#### [Collected material]
++++++++

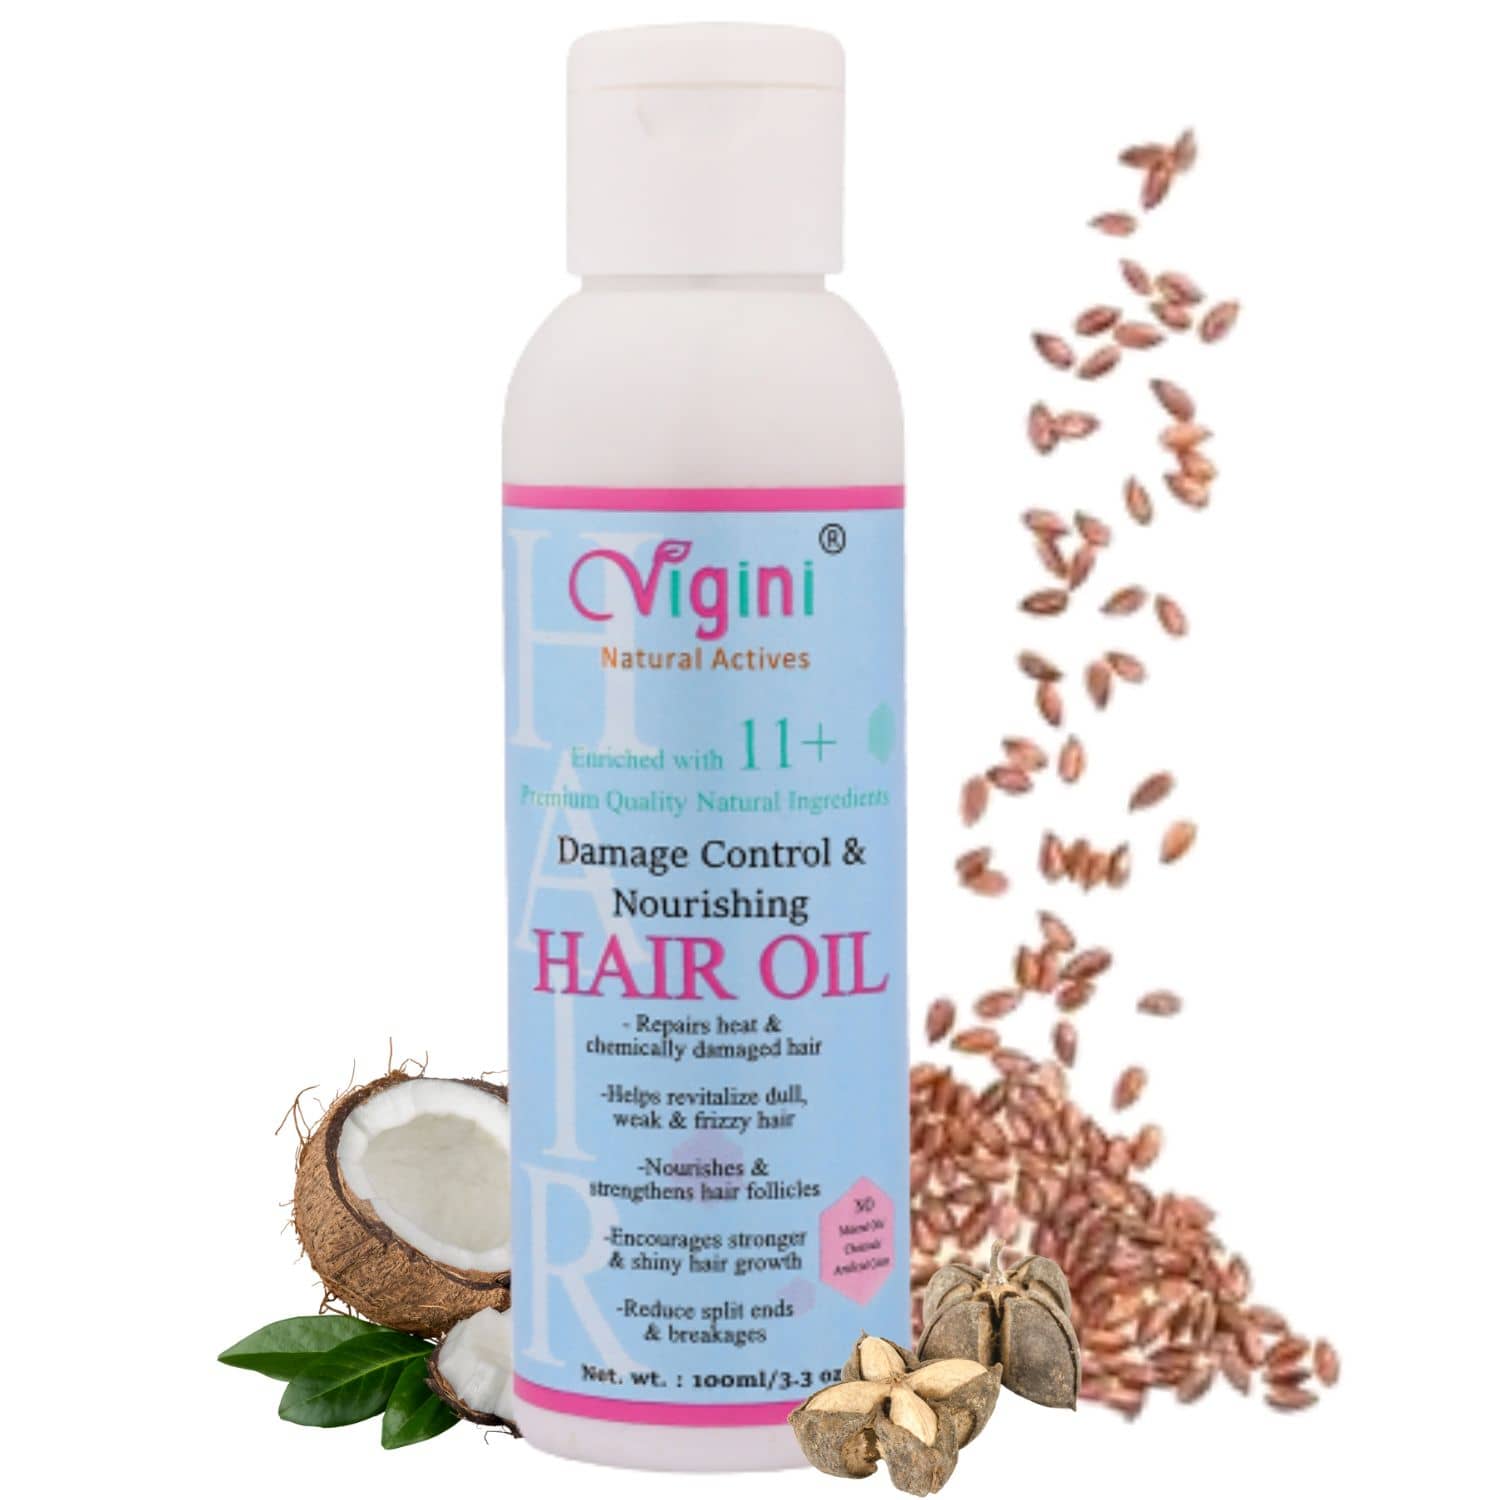 Damage Control and Nourishing Hair Oil
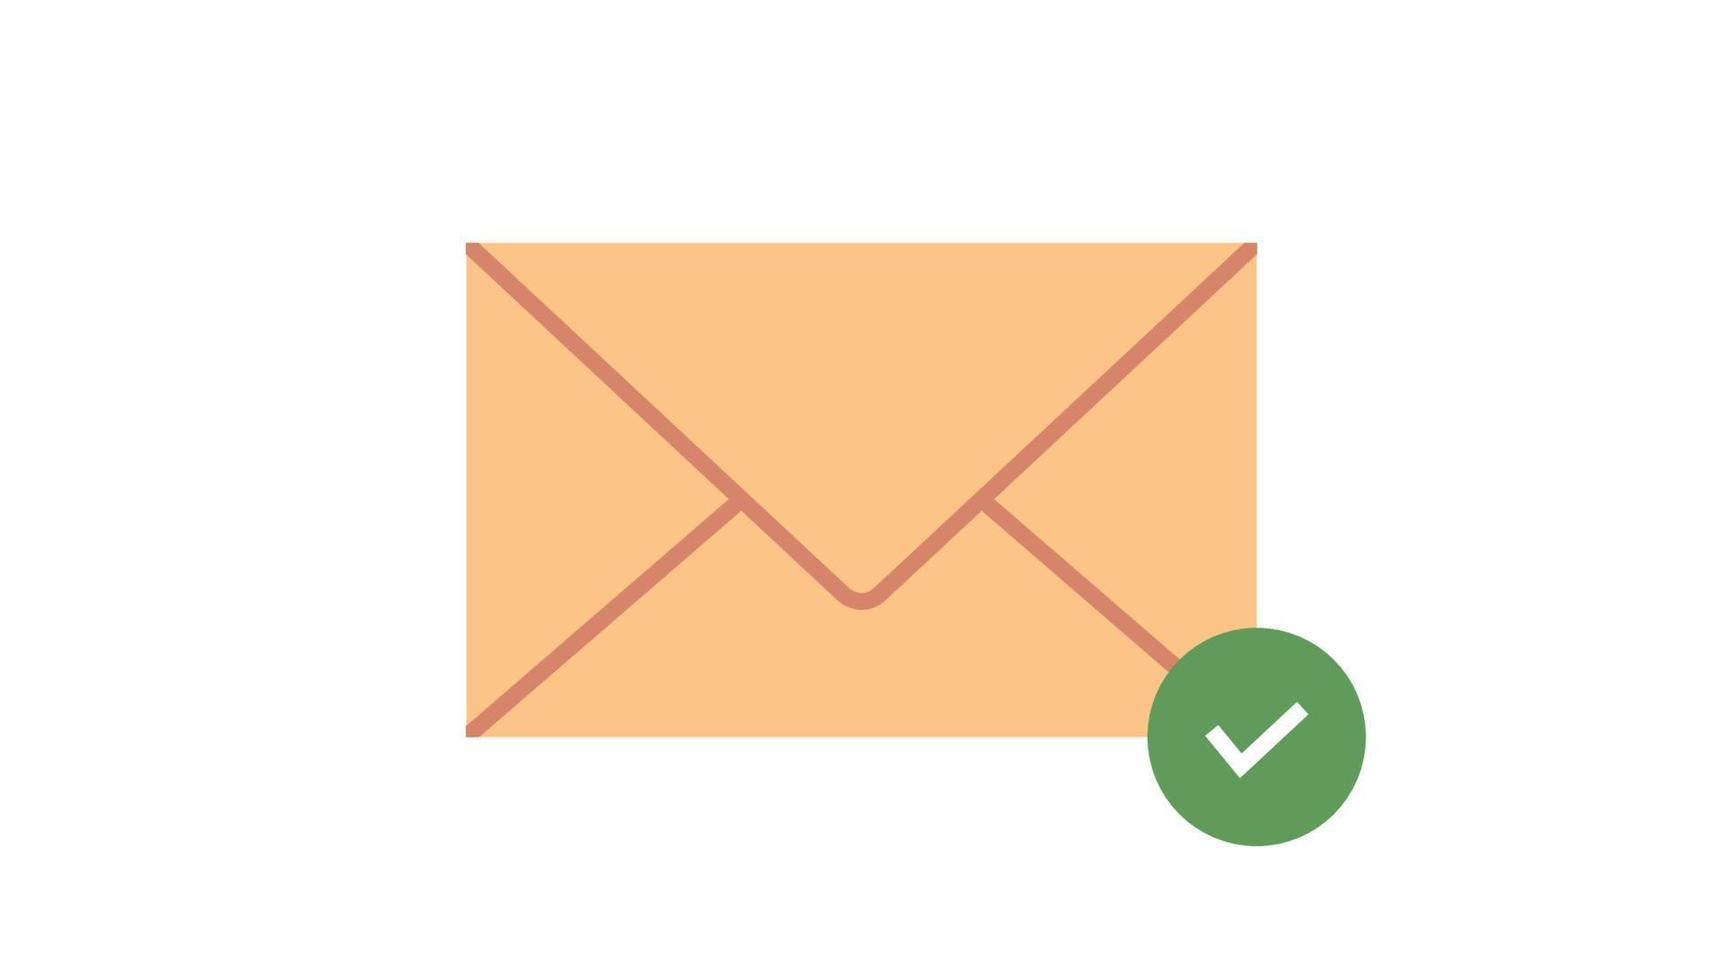 Confirmation sign on email symbol and email reading check simple concept flat vector illustration.
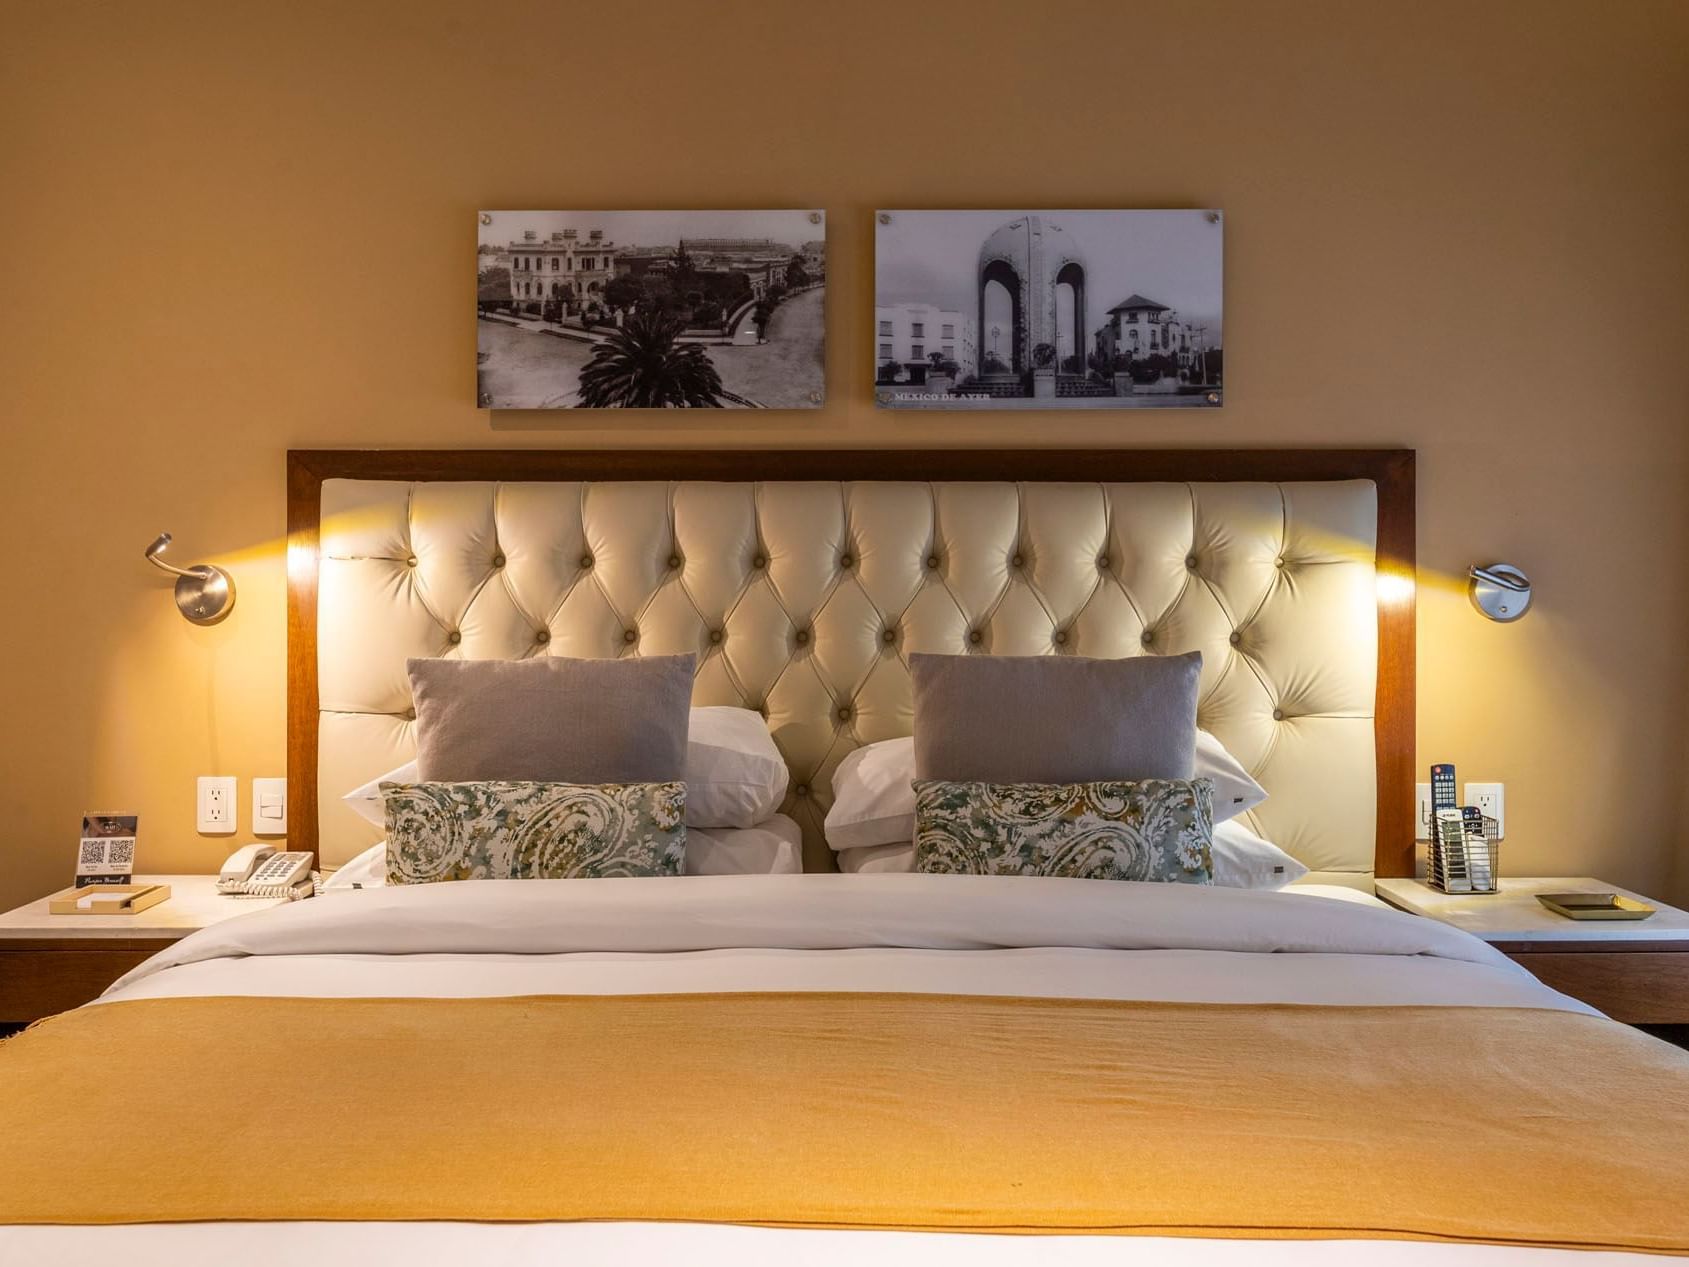 King bed & nightstands in Junior Suite at Casa Mali by Dominion
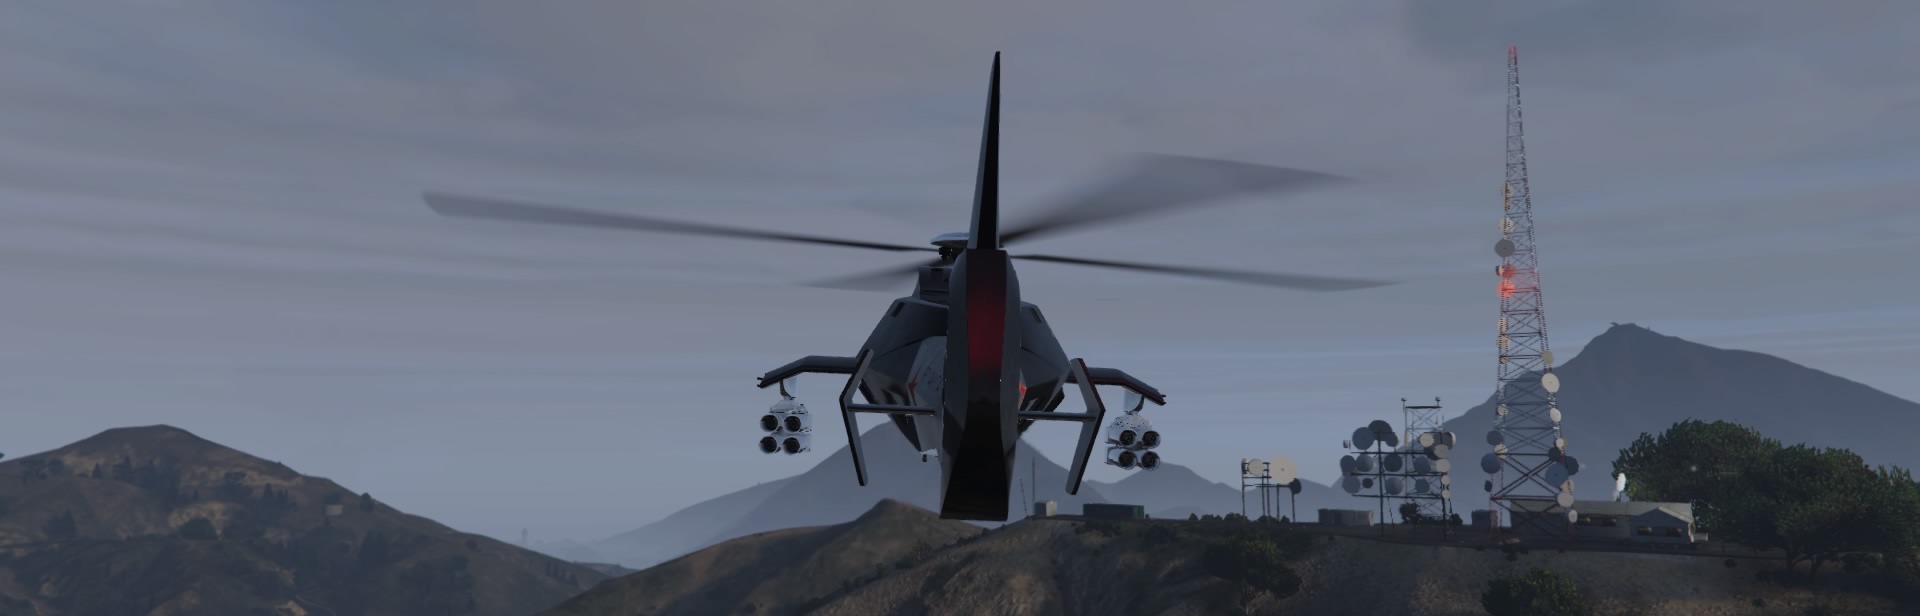 Dark red ghost helicopter next to radio base

++++++++

#### [What is needed]
The whole listing above must be set down again exactly, but without its images.

#### [Result of this exercise]
 Damage Control and Nourishing Hair Oil
 Confirmation sign on email symbol and email reading check simple concept flat vector illustration.
 King bed & nightstands in Junior Suite at Casa Mali by Dominion
 Dark red ghost helicopter next to radio base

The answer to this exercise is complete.